[Data extract — start]
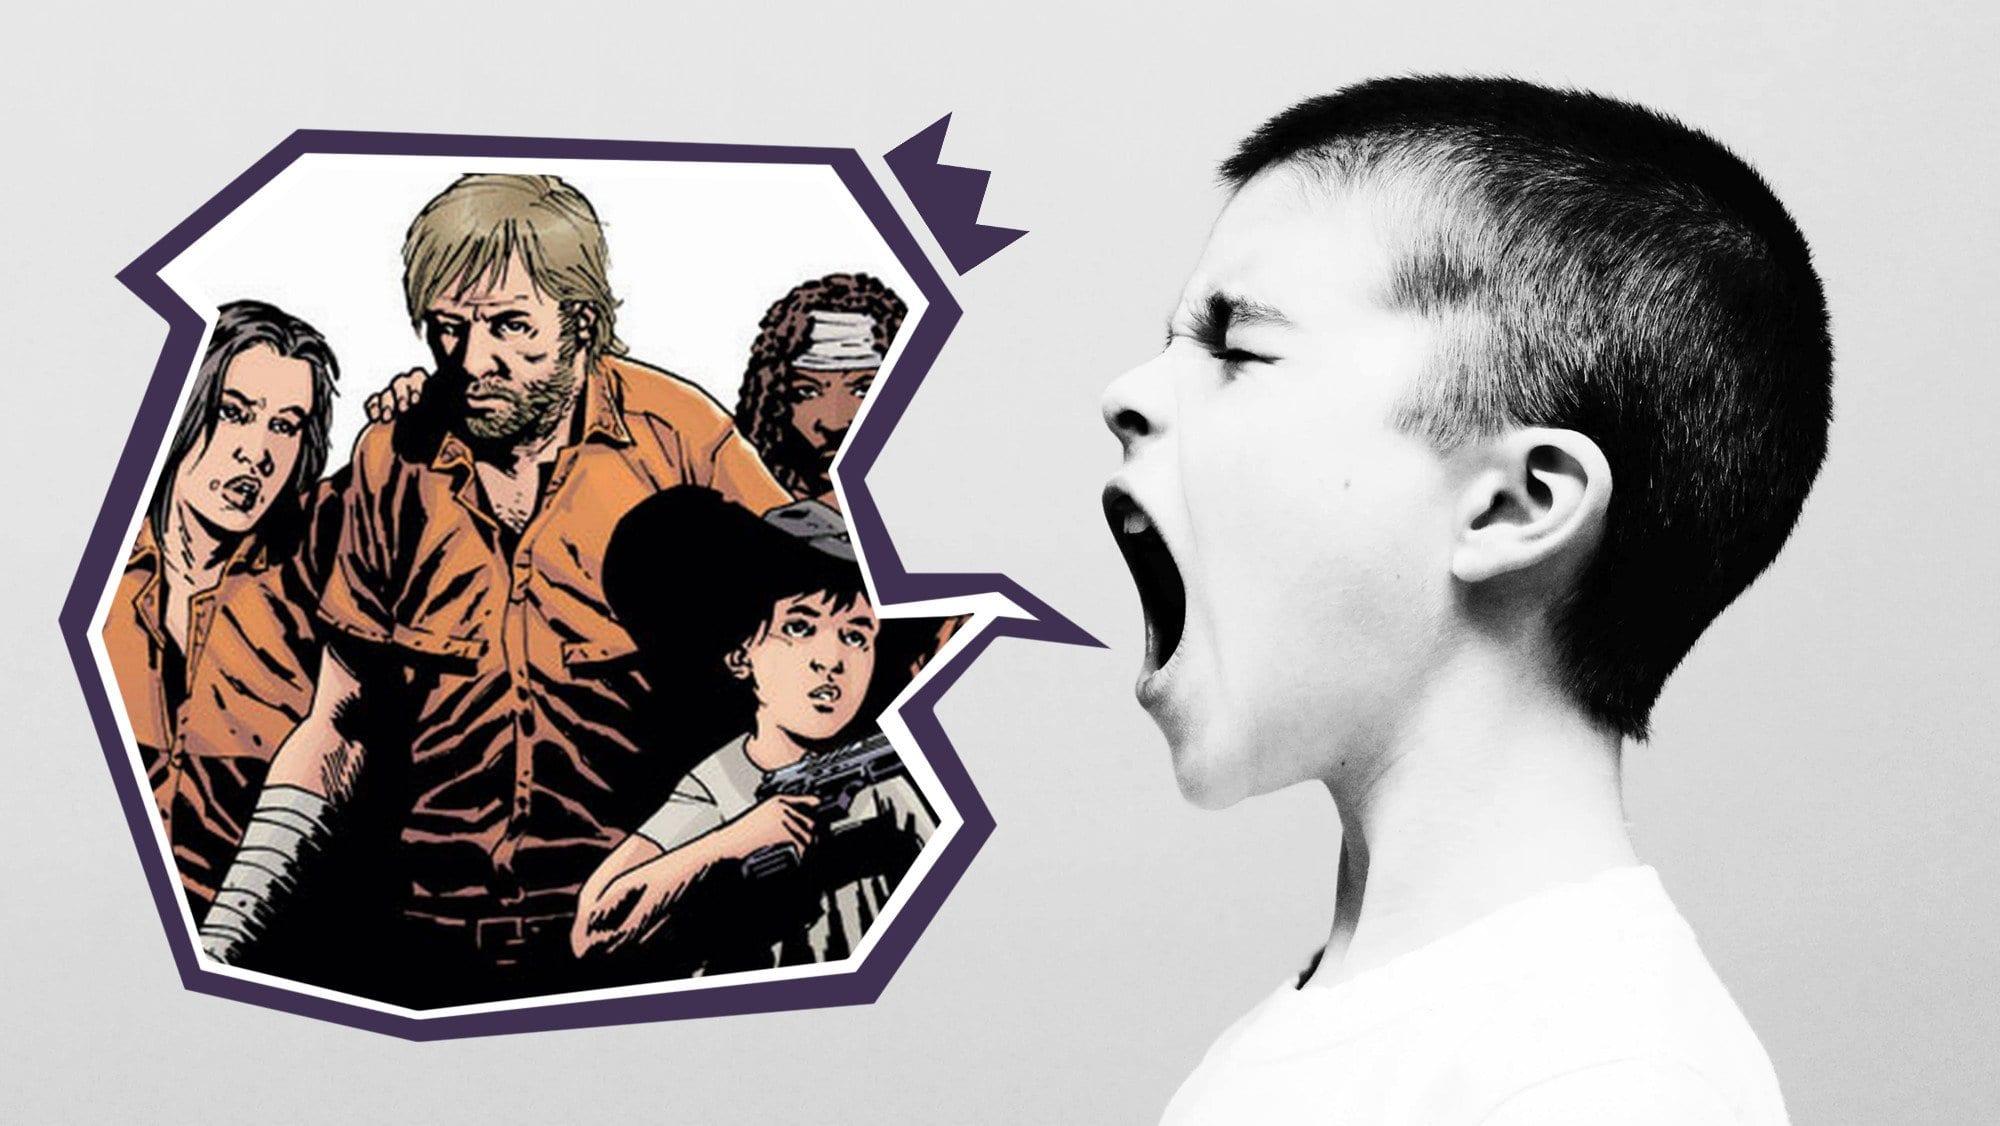 Der Verfall von The Walking Dead: Wenn die Comicvorlage nicht alles ist
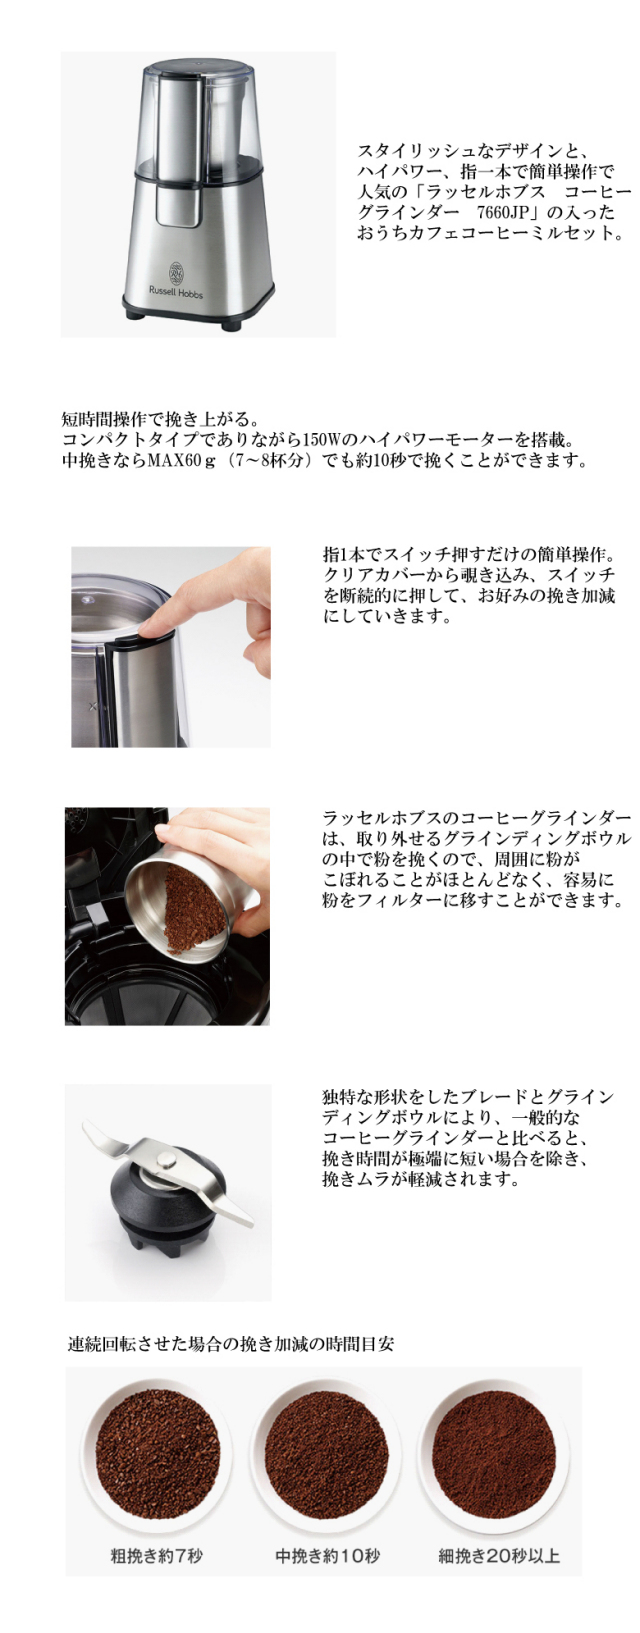 ラッセルホブスのコーヒーミルセット
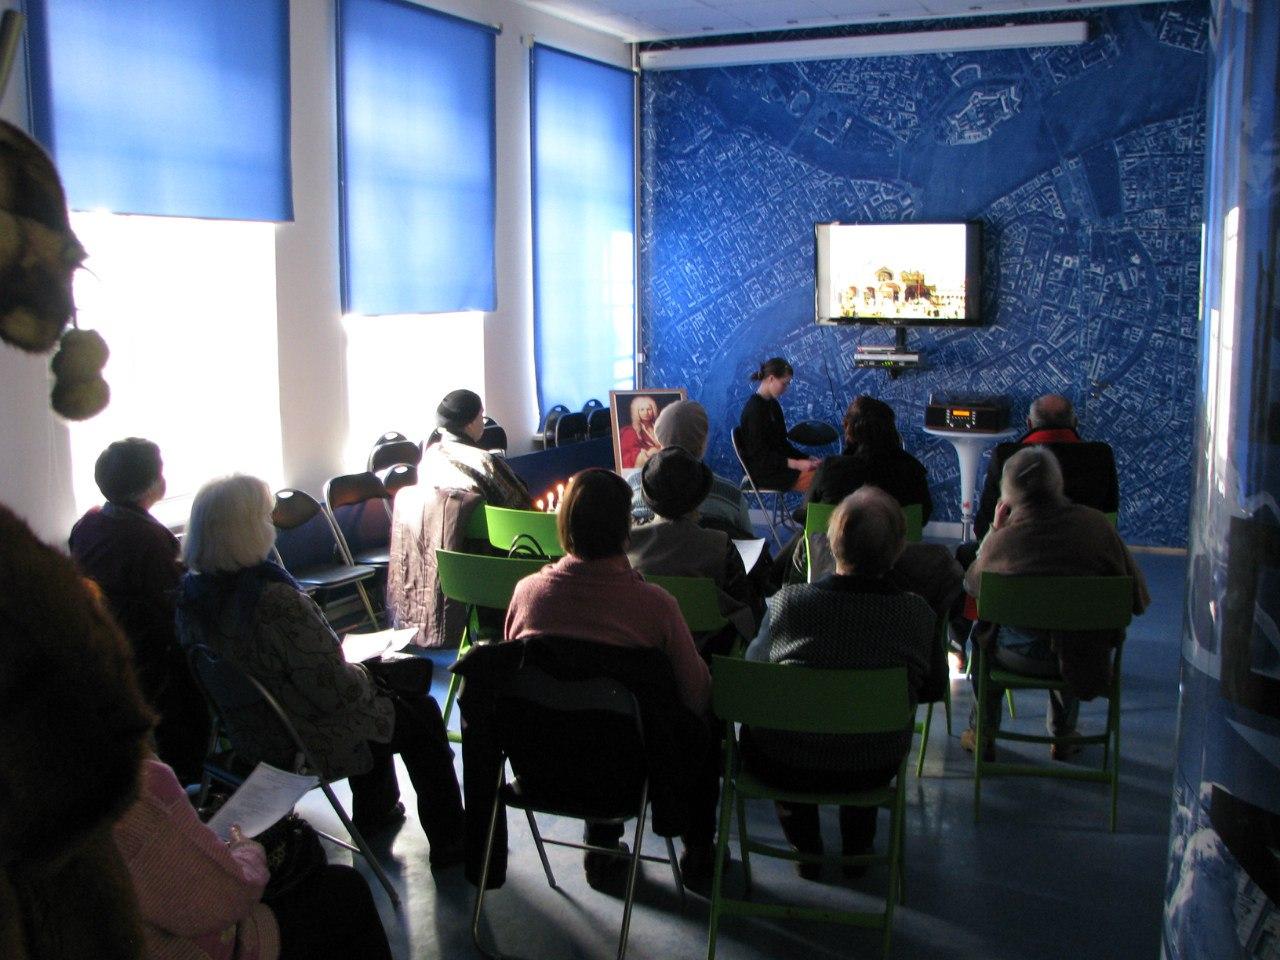 Медиатека Центра искусства и музыки библиотеки Маяковского, источник фото: https://vk.com/nbrod
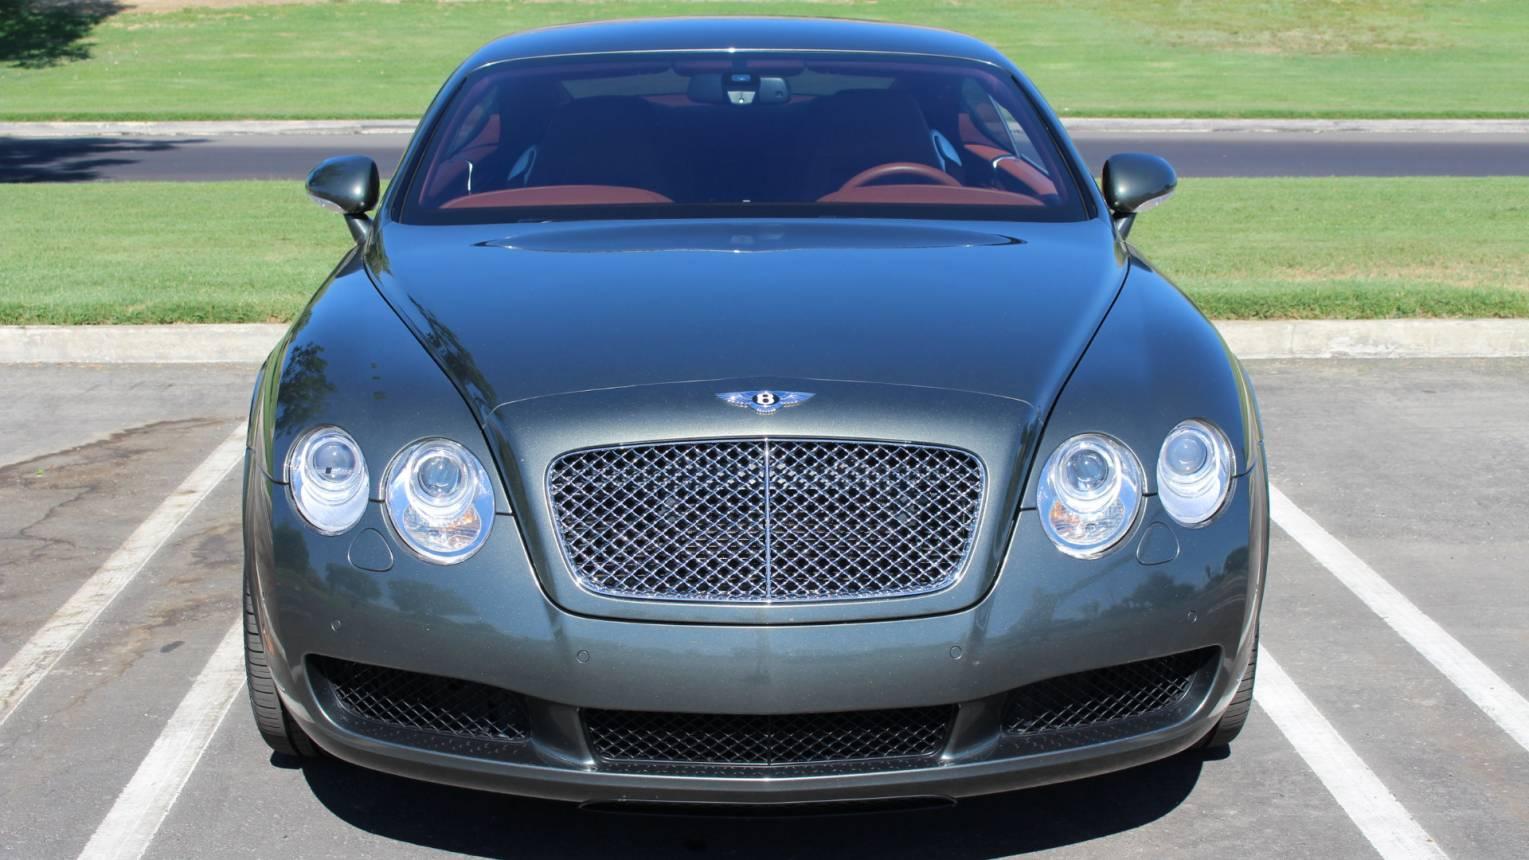 Bentley Continental GT-vel városnézés! Irány az étterem, vagy színház!
[Data extract — finish]
- Work required
Output the data above verbatim, pictures excluded.

- Written reply
 Der Verfall von The Walking Dead: Wenn die Comicvorlage nicht alles ist
 ラッセルホブスのコーヒーミルセット
 Медиатека Центра искусства и музыки библиотеки Маяковского, источник фото: https://vk.com/nbrod
 Bentley Continental GT-vel városnézés! Irány az étterem, vagy színház!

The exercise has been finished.